* [EXERCISE PROMPT]
In the entries that follow, the lines from the one with "Alfred Hitchcock Holding Magnifying Glass" through the one with "Stanford dresser - solid" are the ones to write out, exactly and with both ends included. Nothing else should appear.
*** EXCERPTED RECORDS ***
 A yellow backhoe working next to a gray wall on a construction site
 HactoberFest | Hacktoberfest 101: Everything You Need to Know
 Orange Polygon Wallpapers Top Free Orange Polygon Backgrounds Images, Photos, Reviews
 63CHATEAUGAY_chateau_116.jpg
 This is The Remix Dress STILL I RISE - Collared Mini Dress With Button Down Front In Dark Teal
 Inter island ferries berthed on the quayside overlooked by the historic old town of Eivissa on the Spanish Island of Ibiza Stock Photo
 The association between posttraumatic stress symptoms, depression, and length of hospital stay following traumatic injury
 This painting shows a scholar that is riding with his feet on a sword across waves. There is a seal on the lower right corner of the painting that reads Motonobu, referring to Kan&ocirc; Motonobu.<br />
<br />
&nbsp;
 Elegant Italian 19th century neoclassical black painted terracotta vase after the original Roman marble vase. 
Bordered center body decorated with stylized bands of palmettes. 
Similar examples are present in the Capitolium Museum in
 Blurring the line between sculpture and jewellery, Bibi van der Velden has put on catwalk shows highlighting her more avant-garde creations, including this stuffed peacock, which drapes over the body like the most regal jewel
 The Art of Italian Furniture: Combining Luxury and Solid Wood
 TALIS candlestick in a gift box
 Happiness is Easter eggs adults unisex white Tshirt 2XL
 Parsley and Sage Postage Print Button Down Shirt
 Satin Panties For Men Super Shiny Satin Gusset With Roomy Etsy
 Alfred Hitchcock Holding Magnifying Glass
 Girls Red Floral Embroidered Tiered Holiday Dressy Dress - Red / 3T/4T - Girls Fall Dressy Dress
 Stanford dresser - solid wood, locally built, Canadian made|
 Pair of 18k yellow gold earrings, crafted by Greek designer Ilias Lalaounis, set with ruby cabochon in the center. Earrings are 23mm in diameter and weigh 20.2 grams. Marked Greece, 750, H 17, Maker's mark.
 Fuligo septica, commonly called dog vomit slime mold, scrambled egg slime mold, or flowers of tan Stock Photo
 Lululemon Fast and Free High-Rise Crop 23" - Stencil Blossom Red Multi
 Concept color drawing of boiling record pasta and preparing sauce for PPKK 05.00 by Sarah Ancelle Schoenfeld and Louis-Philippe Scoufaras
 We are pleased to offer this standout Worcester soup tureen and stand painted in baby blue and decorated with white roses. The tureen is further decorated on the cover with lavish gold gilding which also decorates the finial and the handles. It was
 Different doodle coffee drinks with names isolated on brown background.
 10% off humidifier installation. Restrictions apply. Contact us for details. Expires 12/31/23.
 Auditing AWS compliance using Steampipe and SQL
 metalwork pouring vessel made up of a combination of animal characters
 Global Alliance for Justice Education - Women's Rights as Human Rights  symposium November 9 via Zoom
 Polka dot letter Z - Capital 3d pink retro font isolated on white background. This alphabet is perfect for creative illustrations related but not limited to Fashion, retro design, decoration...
*** End of EXCERPTED RECORDS ***
* [ANSWER TO THE PROBLEM]
 Alfred Hitchcock Holding Magnifying Glass
 Girls Red Floral Embroidered Tiered Holiday Dressy Dress - Red / 3T/4T - Girls Fall Dressy Dress
 Stanford dresser - solid wood, locally built, Canadian made|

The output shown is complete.